1. Download `al_dic-<version>-py3-none-any.whl` from the
   [releases page](https://github.com/zachtong/pyALDIC/releases).
2. Install locally:

```bash
pip install ./al_dic-<version>-py3-none-any.whl
```

**From source** (editable install with test dependencies):

```bash
git clone https://github.com/zachtong/pyALDIC.git
cd pyALDIC
pip install -e ".[dev]"
```

### Launch GUI

```bash
al-dic
# or
python -m al_dic
```

<details>
<summary><b>Programmatic API</b></summary>

```python
from pathlib import Path
from al_dic.core.config import dicpara_default
from al_dic.core.pipeline import run_aldic
from al_dic.io.io_utils import load_images, load_masks
from al_dic.export.export_npz import export_npz
from al_dic.export.export_mat import export_mat

# Load images and masks
images = load_images("path/to/images", pattern="*.tif")
masks = load_masks("path/to/masks", pattern="*.tif")

# Configure and run
para = dicpara_default(winsize=32, winstepsize=16)
result = run_aldic(para, images, masks, compute_strain=True)

# Access results
for i, fr in enumerate(result.result_disp):
    print(f"Frame {i}: max disp = {abs(fr.U).max():.4f} px")

# Export to .npz and .mat
out = Path("output")
fields = ["disp_u", "disp_v", "strain_exx", "strain_eyy", "strain_exy"]
export_npz(out, "result", "run01", result, fields=fields)
export_mat(out, "result", "run01", result, fields=fields)
```

</details>

---

<details>
<summary><b>Project Structure</b></summary>

```
src/al_dic/
├── core/           Pipeline, config, data structures, frame scheduling
├── gui/            PySide6 GUI application
│   ├── controllers/  Image, ROI, pipeline, visualization controllers
│   ├── dialogs/      Batch import, export dialogs
│   ├── panels/       Canvas area, left/right sidebars
│   └── widgets/      Image list, parameter panel, ROI toolbar, frame nav
├── io/             Image I/O and utilities
├── mesh/           Quadtree mesh generation, refinement criteria
│   └── criteria/   Mask boundary, ROI edge, brush region, manual selection
├── solver/         IC-GN, ADMM (Subpb1/Subpb2), FFT search, FEM assembly
├── strain/         Strain computation, deformation gradient, smoothing
└── utils/          Interpolation, outlier detection, mask warping

tests/              86 test files, 800+ tests
```

</details>

<details>
<summary><b>Testing</b></summary>

```bash
# Run all tests
pytest

# Run with parallel workers
pytest -n auto

# Run specific module
pytest tests/test_solver/test_icgn_solver.py
```

</details>

---

## About the Authors

pyALDIC is developed in [Dr. Jin Yang's group](https://sites.utexas.edu/jyang/) at **The University of Texas at Austin**.
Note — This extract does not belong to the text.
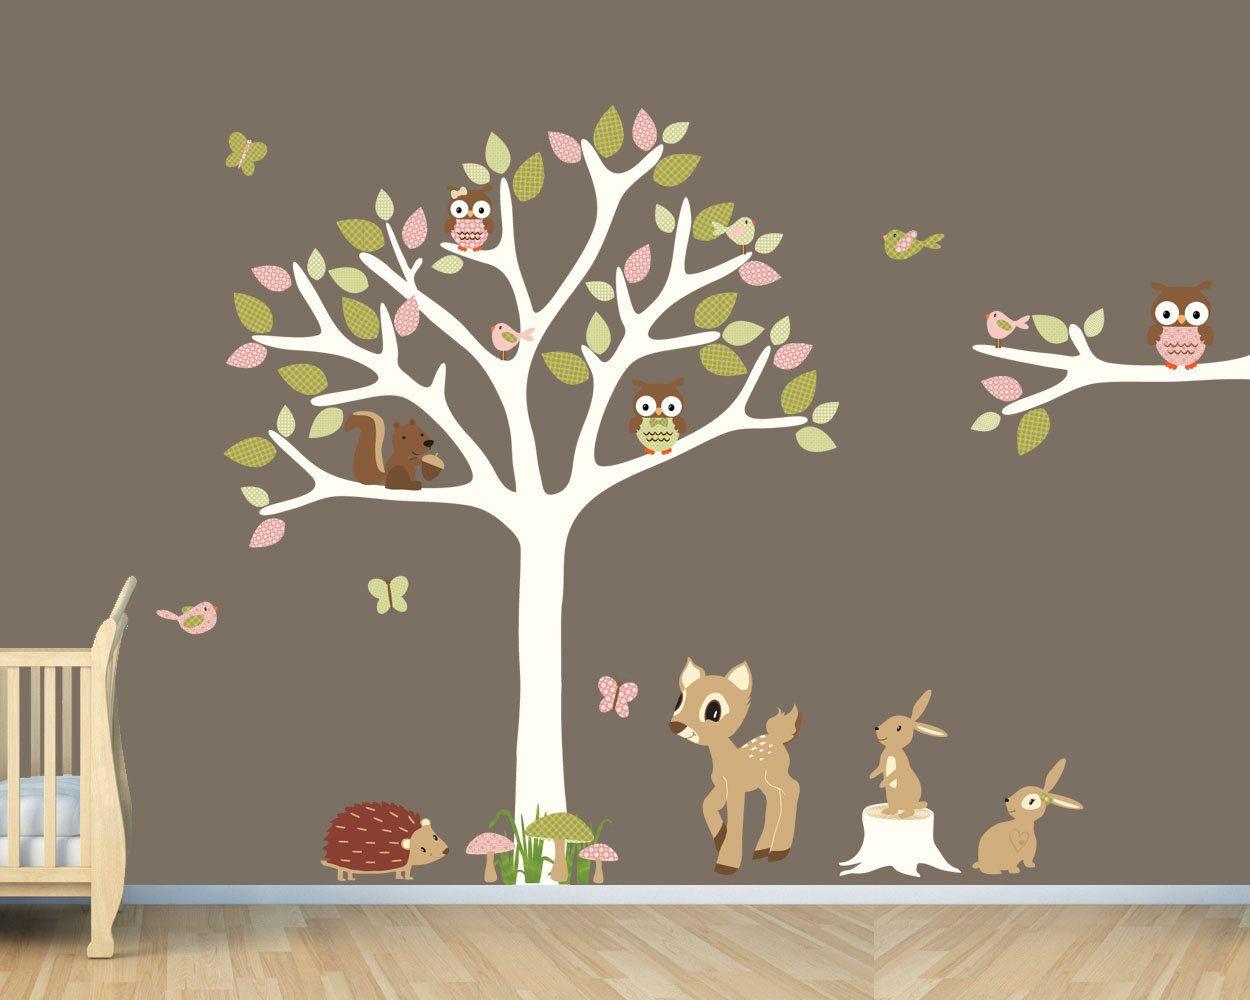 Owl Tree Forest Animals Woodland Nursery Wall

Beyond pyALDIC itself, the authors have contributed to community-wide DIC standards:

- **Jin Yang** — co-editor of *A Good Practices Guide for Digital Image Correlation*, **1st edition** (2018) and **2nd edition** (2025), published by the International Digital Image Correlation Society (iDICs).
- **Zixiang Tong** — co-editor of *A Good Practices Guide for Digital Image Correlation*, **2nd edition** (2025).

---

## Citation

If you use pyALDIC in your research, please cite:

```bibtex
@software{tong2026pyaldic_software,
  author = {Tong, Zixiang and Yang, Jin},
  title  = {pyALDIC: Augmented Lagrangian Digital Image Correlation in Python},
  year   = {2026},
  doi    = {10.5281/zenodo.19521071},
  url    = {https://github.com/zachtong/pyALDIC}
}
```

## Contributing

Contributions are welcome! See [CONTRIBUTING.md](CONTRIBUTING.md) for guidelines.

## Acknowledgments

- Based on the [AL-DIC](https://github.com/jyang526843/2D_ALDIC) MATLAB implementation by Dr. Jin Yang
- Developed at **The University of Texas at Austin**

## License

BSD 3-Clause. See [LICENSE](LICENSE) for details.